The history of the present matter establishes that the relevant risk in this case is one of the applicant committing an offence against the complainant (either by banging on the complainant’s door or by shouting abuse or threats directed at the complainant). The question is whether that risk is, in the circumstances of this case, an unacceptable one. That question falls to be resolved by whether there are any conditions of bail that might be imposed to mitigate the risk so that it is not an unacceptable risk.[13]
[13]See s 4E(3)(b) of the Act.
There is an obvious solution to the present problem. It would involve those responsible in the Ministry of Housing for allocating public housing to move the applicant to premises away from the complainant. Such a step would almost certainly eliminate the possibility of any of the risks referred to in s 4E occurring. It is somewhat regrettable that this step has not been taken to date. Putting the applicant back in close proximity with the complainant is plainly not desirable, or in either of their interests.
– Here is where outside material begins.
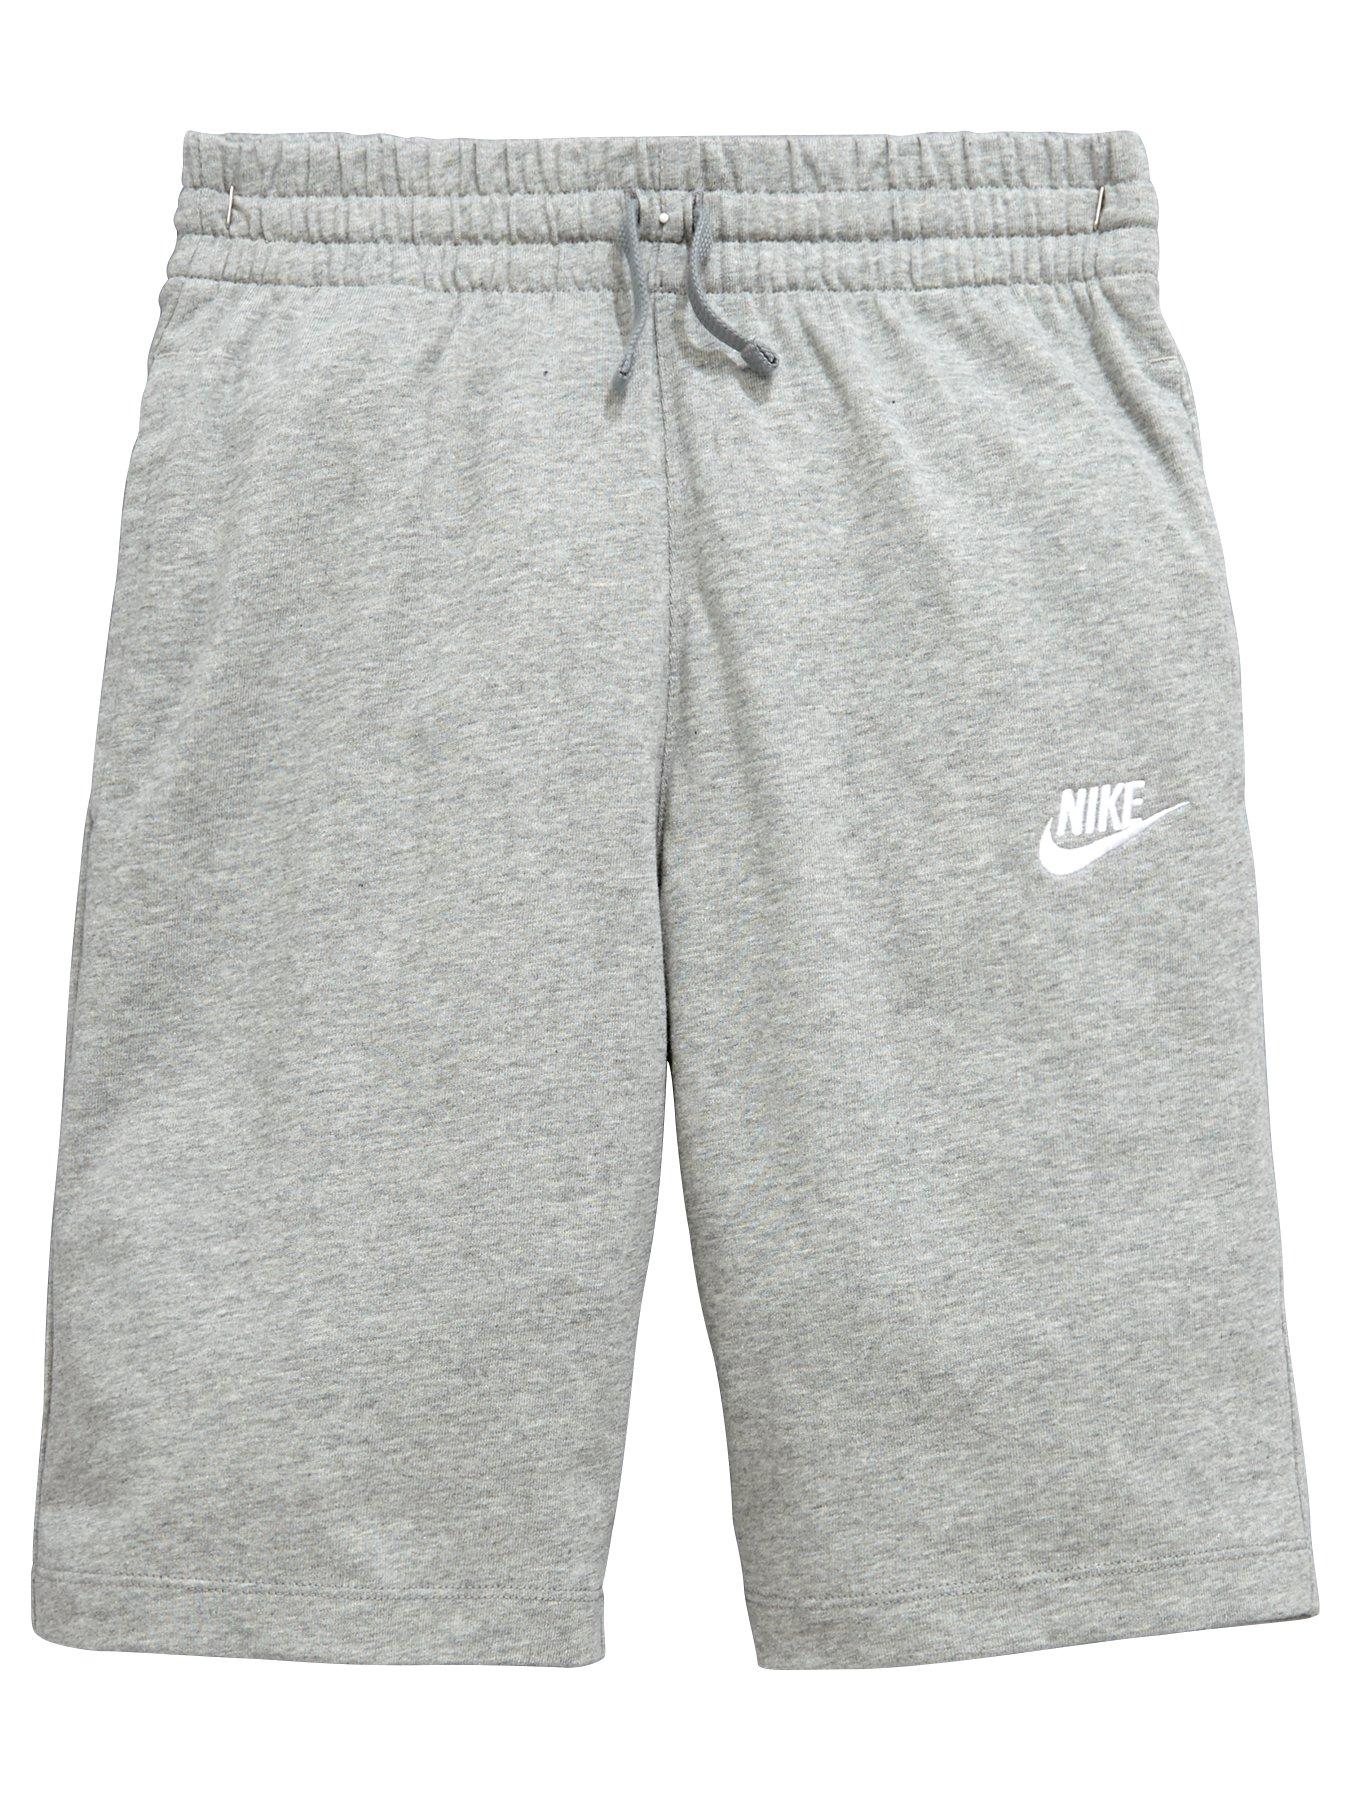 grey nike shorts

That said, I am not satisfied that there is an unacceptable risk of the kind referred to in s 4E which cannot be appropriately mitigated by specific bail conditions tailored to the present circumstances. Those conditions will include a requirement that the applicant remain under the care of Forensic Mental Health Services (under whose care he has been since being received into custody in August) and hid own local area mental health service. Moreover, the applicant will be required to continue to accept psychiatric treatment as recommended or directed by those organisations.
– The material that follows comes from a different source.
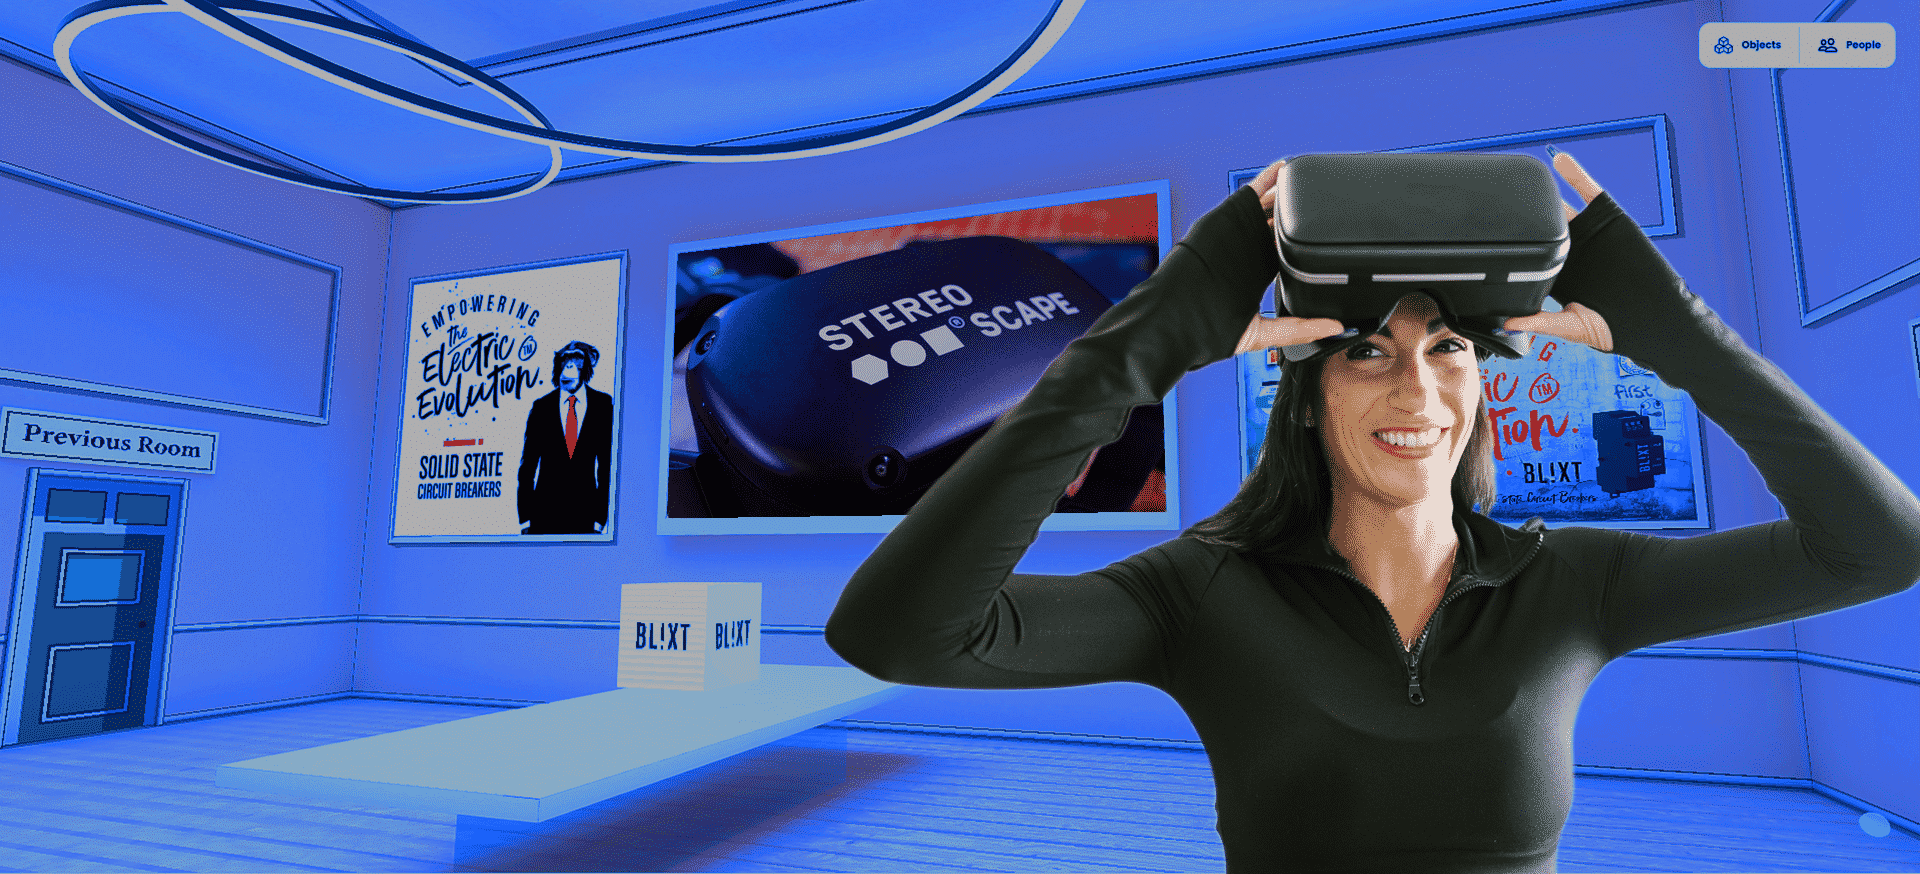 Ihminen VR-lasit päässä metaversumissa, jossa on mainoksia.

Additionally, there will be a condition of bail that the applicant report daily to police. Such a condition is likely to remind the applicant of his obligations to comply with the PSIO currently in force, and to stay away from the complainant and the complainant’s front door.
The Crown submitted that I should make it a condition of bail that the applicant comply with all of the conditions of the PSIO currently in force. Plainly, the applicant is by the force of the PSIO itself required to comply with its terms. A breach of the PSIO would constitute a basis for remanding the applicant again into custody.
Ordinarily, one would not make an order requiring a person to comply with another order.[14] In the present case, however, I think there is a basis for making it a condition of the applicant’s bail that he comply with all of the conditions of the current PSIO. The condition has the capacity to further bring home to the applicant his need to comply with the PSIO and to stay away from the complainant.
[14]See Commonwealth v John Fairfax & Sons Ltd (1980) 147 CLR 39, 49–50; Duthie v Nixon (2015) 47 VR 355, 366 [32]–[33].
Conclusion
There will be a grant of bail on conditions that include daily reporting to the police, compliance with the PSIO and treatment as directed by the Victorian Institute of Forensicare Mental Health and the applicant’s local area mental health service.